Akayoroi sat deeper in the brood chamber, her great abdomen tucked and her human torso bent over a parchment map Kai had sketched weeks earlier. With her slender fingers she traced lines across the tunnels, murmuring to herself about choke points and retreat paths. Around her, assassin-class sisters knelt in silence, their blades ready, their eyes like black glass. They did not chatter; they breathed together, slow, steady, waiting for the word that might never come.
Miryam’s absence hung in the air like a gap in the wall. The little wyrmling’s usual hum of energy was missing, and Luna’s eyes kept straying toward the empty alcove where she should have been curled.
Naaro was on the mountain’s crown, four legs braced wide, arms folded over her chest, staring east. The wind tugged at her dark hair but she did not move. She was very scared. Still she stood. She whispered once to herself, "Come back home, Sir." Her tone was rough, but her throat was tight when she said it.
Vel and Sha were in the kitchen caverns, though neither touched their bowls. They stirred stew only to stir it, as if keeping their hands busy might keep their minds from unraveling. Vel snapped once when Sha teased her about crying into the pot. Then she apologized and pressed her forehead to her sister’s shoulder. The two leaned against each other, silent, the smell of spice hanging heavy.
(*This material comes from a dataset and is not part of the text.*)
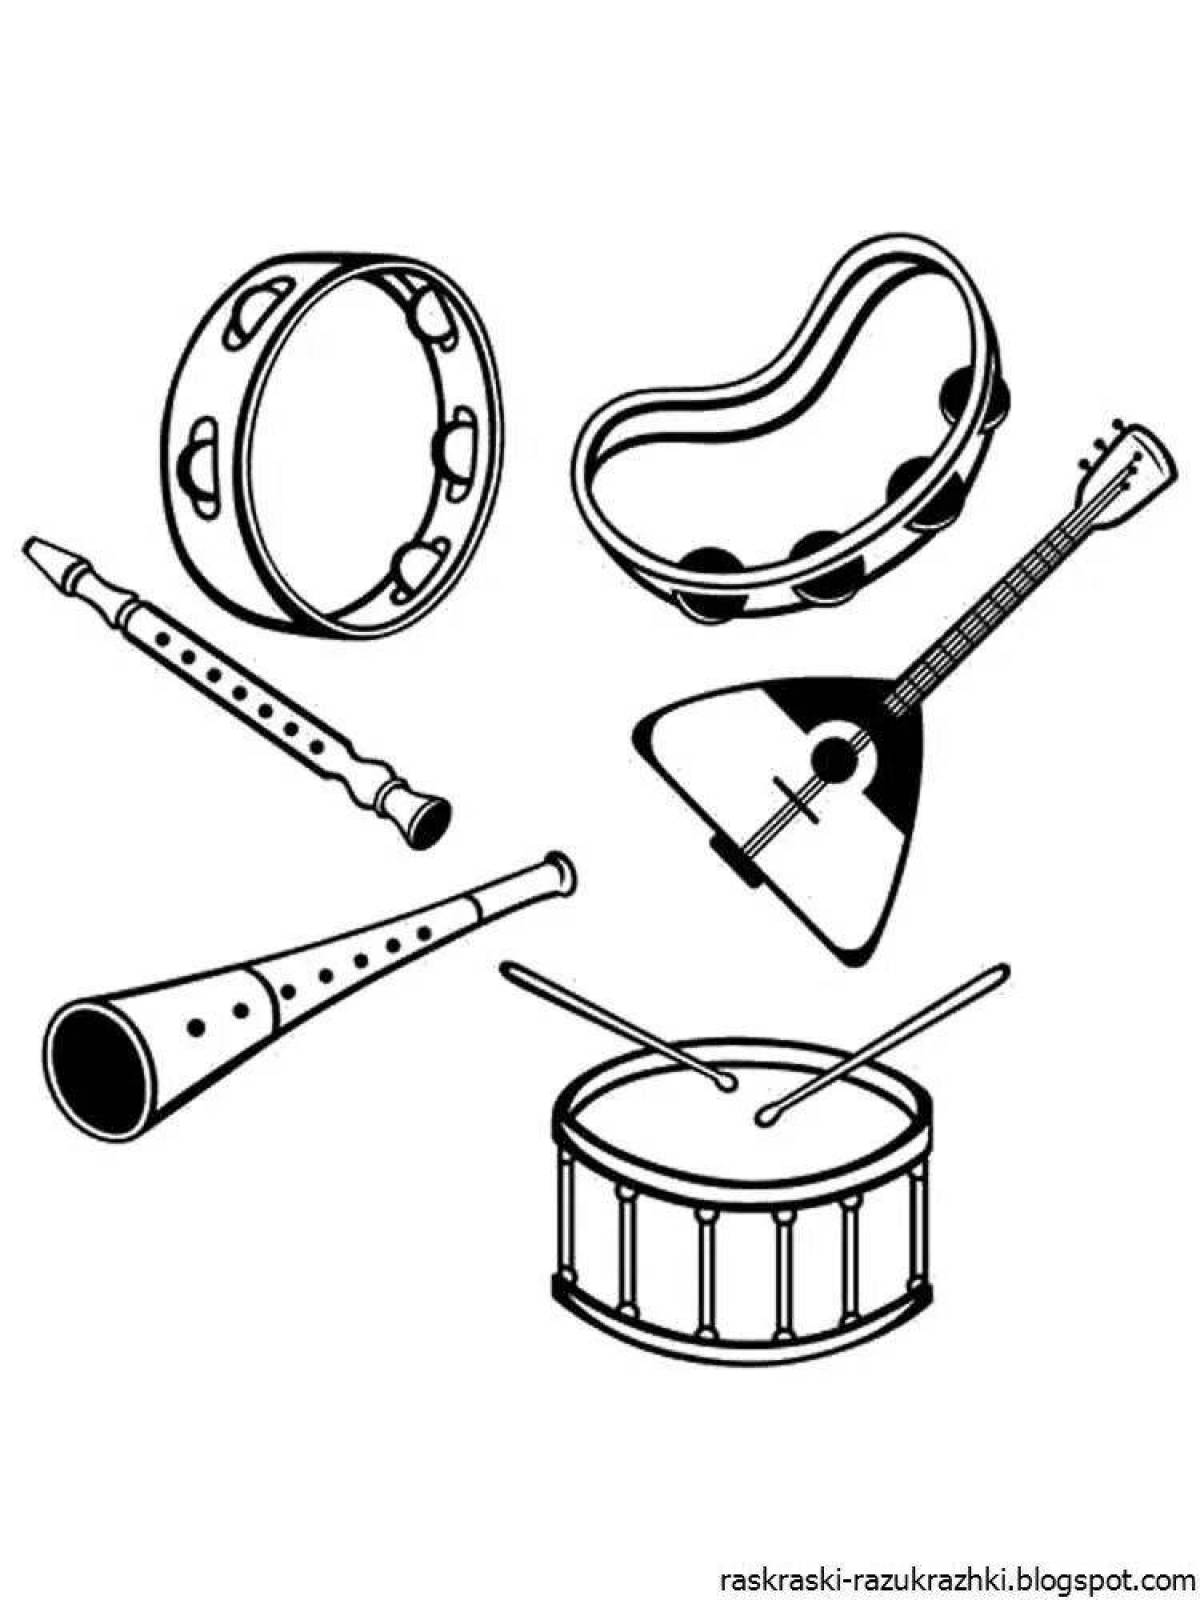 Folk musical instruments #10

Shadeclaw worked the trap lines again, though he knew they were already perfect. His hook scratched the stone; sparks leapt. He muttered under his breath about how enemies might come when the master was gone, and how it would be his pride to snap them like twigs. But even as he muttered, his mandibles clicked with unease.
Silvershadow’s absence left another hollow. "He always comes back. He always knows the way." Shadeclaw murmurs by himself.
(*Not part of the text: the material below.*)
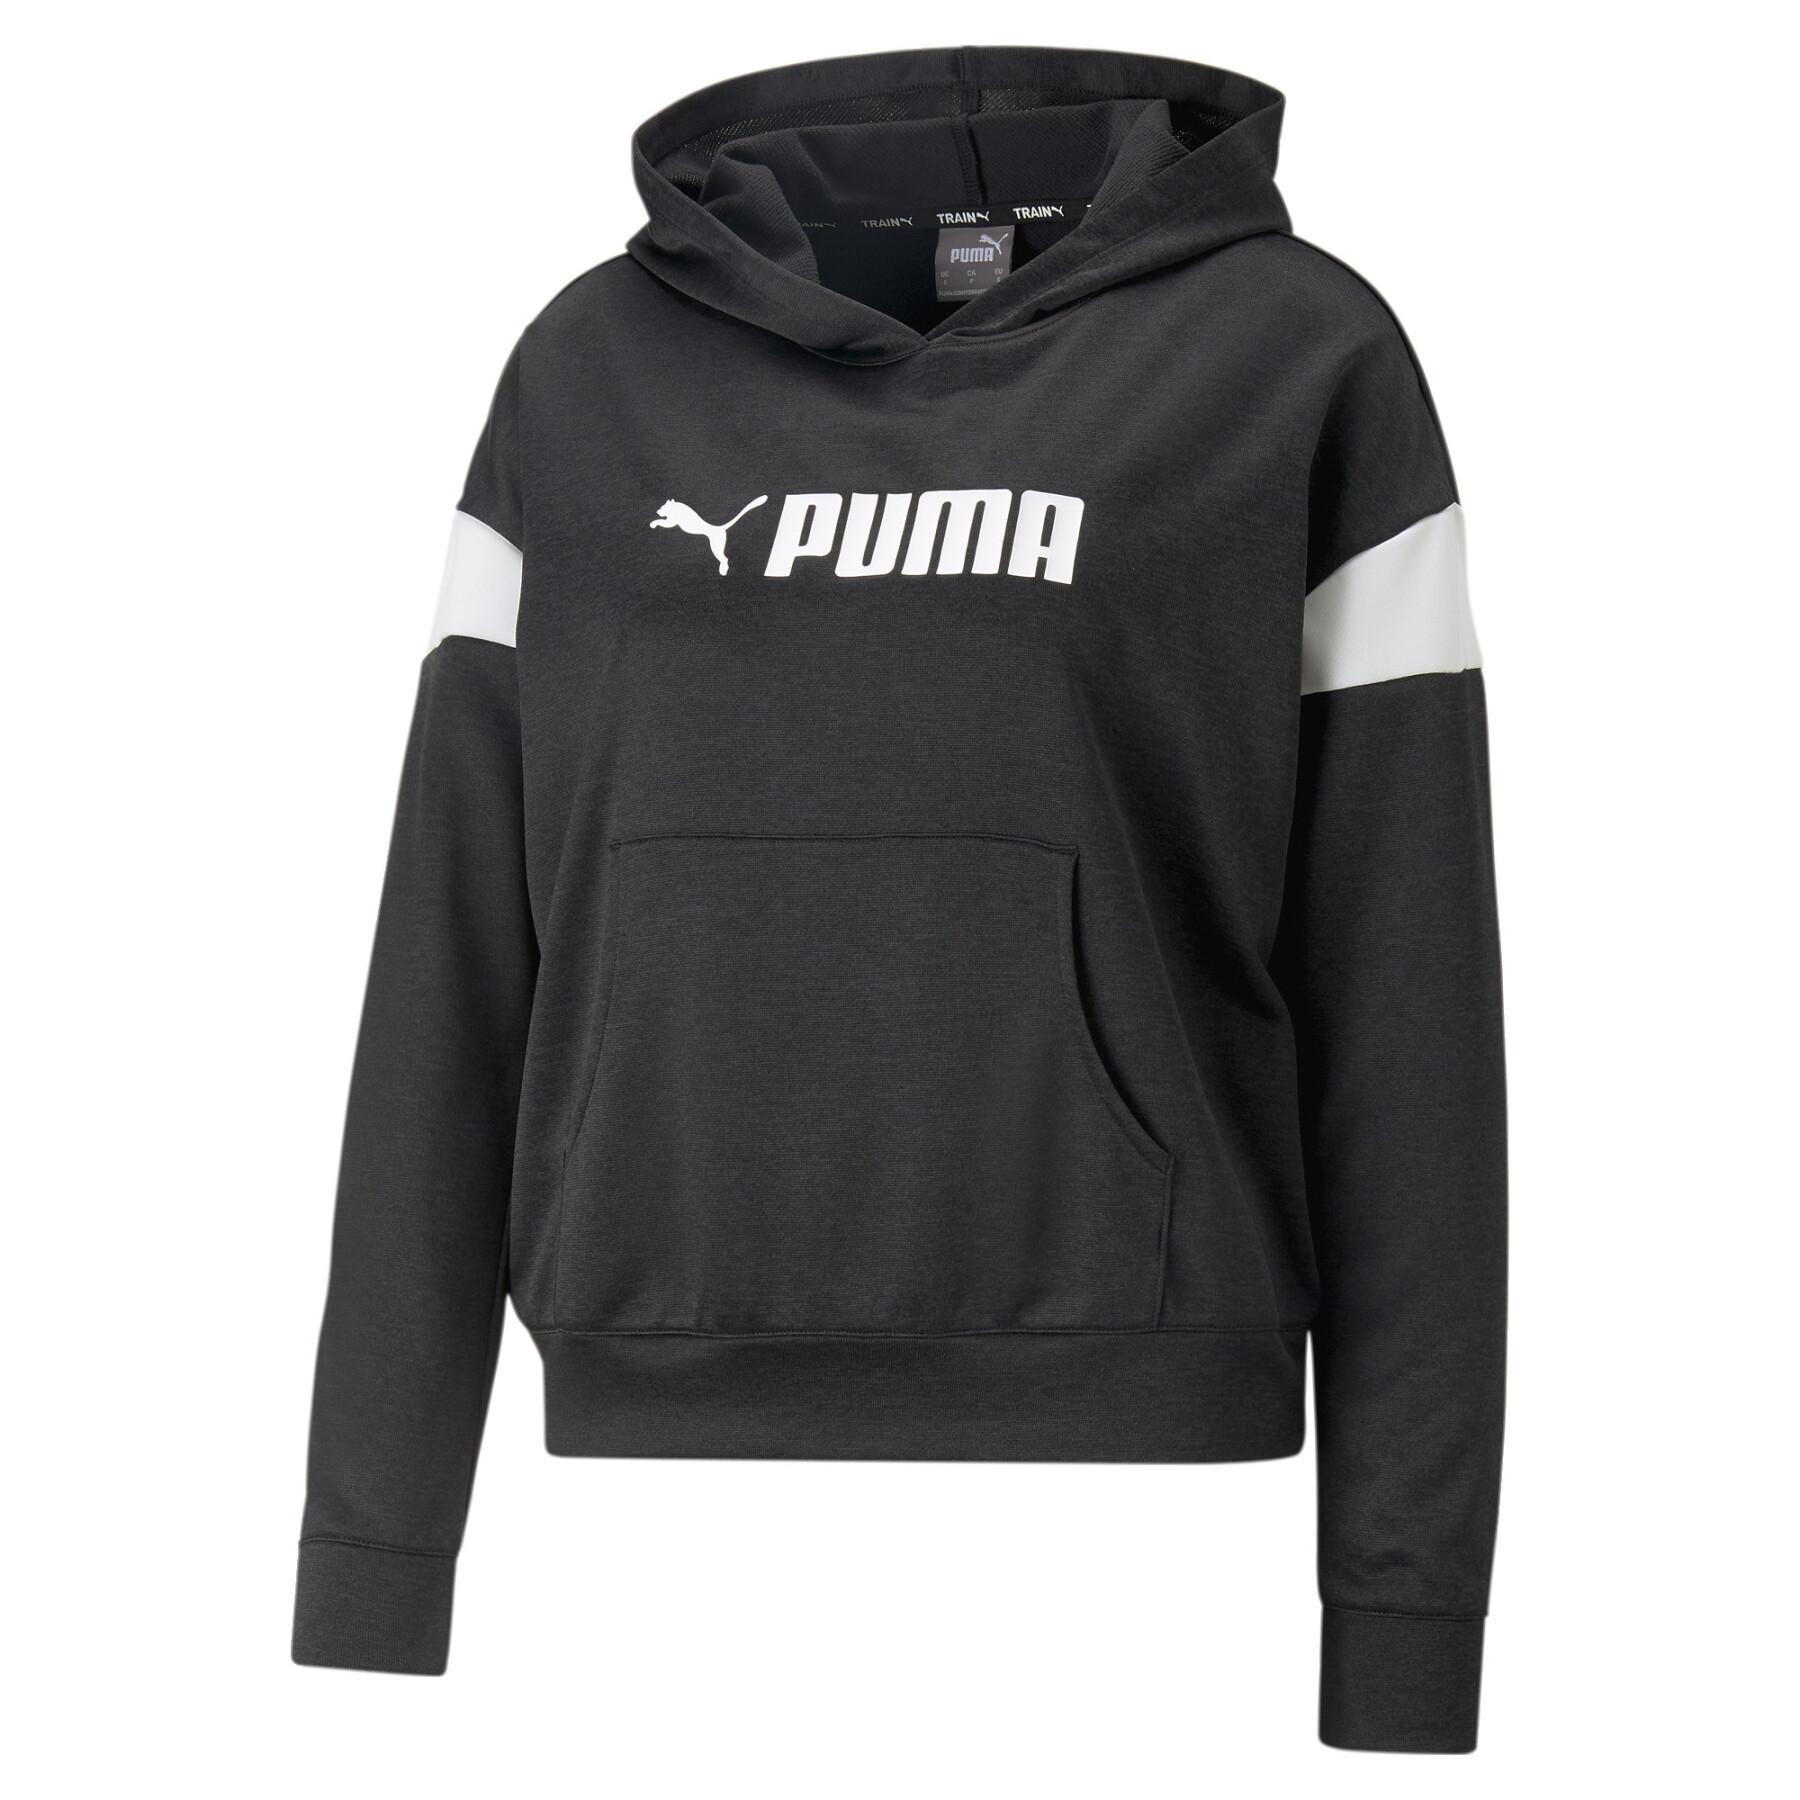 Sweatshirt damska dzianinowa bluza z kapturem Puma Fit Tech

The mountain was full of breath held too long.
And so the questions sharpened like blades. Would Kai return safely, carrying his daughter in his arms and wrath still caged in his chest? Would Miryam’s light be safe, or would it dim before it ever had a chance to burn? Would the Crown of Wrath prove to be a weapon he commanded — or a curse that commanded him? Would the black hum of it devour his mind until he forgot himself, forgot them all, forgot even why he fought?
The answers will be revealed in the next Chapter. They were being written in blood and sand far to the east, where Kai’s crown turned and his spear cut, where a child waited behind bars and a grinning man held a dagger.
The mountain waited. The wives waited. The brothers waited. The sky itself seemed to wait, holding its stars still for one night.
Would he win? Would he save her? Would he return whole — or broken, or lost?
No one knew. The desert and the author would give the answer in its own time.
And so, with the mountain silent, the desert trembling, and the world itself pausing between two breaths, Volume Three of the Ant Lord ends.